Attwell & Laughlin (2001) calculate rat neocortex to use 40 umol of ATP per gram per minute. The average human brain is 1500 grams, about half of which is gray matter (ref ). And ATP is converted to energy at 30.5 kJoule/mol (ref), yielding a human energy wattage for human gray matter of
40 umol * (1 min/60 sec) * 30.5 kJ/min * 1500/2 = 15.2 J/sec = 15.2 W
This is perfectly reasonable, given that a human at rest uses 60-100 W and the brain uses about 20% of that.
The actual number will be somewhat smaller, since rats have a higher density of neurons (cells/gram) than humans.
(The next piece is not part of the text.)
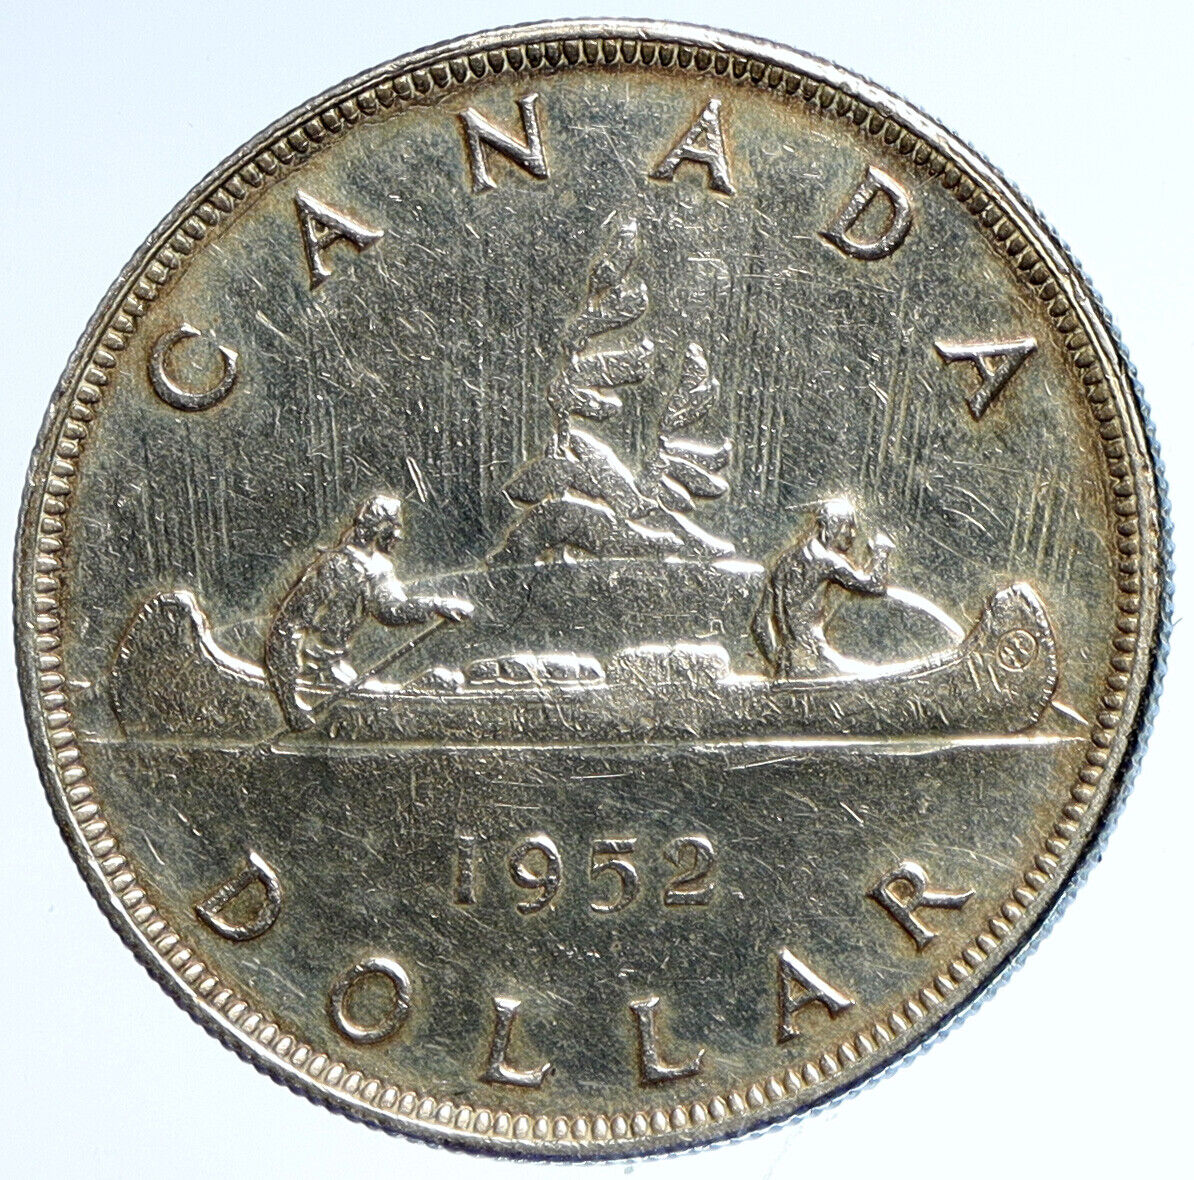 1952 CANADA UK KING GEORGE VI Canoe VOYAGERS Crew OLD SILVER Dollar Coin i113396

But on the other hand, human cells are therefore bigger and have more membrane area and synapses per cell to consume energy... so that larger-area effect partially cancels the lower-cell-density effect.
Peter Lennie (2003) uses the Attwell & Laughlin calculations to extrapolate to humans, by tweaking the average size and density of neurons, their synaptic effects, larger brains, etc., along with measured energy use by human cortex. He has lots of unimportant calculations about the fractions of neurons which could be "active" under various circumstances, but the important result of the paper is encapsulated in a single pair of numbers: that a probable average spike rate is 0.16 Hz (once per seven seconds!), and a maximum of 1 Hz.
My conclusion: Average spike rates in monkeys and humans must be in the sub-1-Hz regime. And physiologists ought to measure the average spontaneous activity of the cells they choose for recording, to ensure that the chosen cells are representative of typical cortical cells.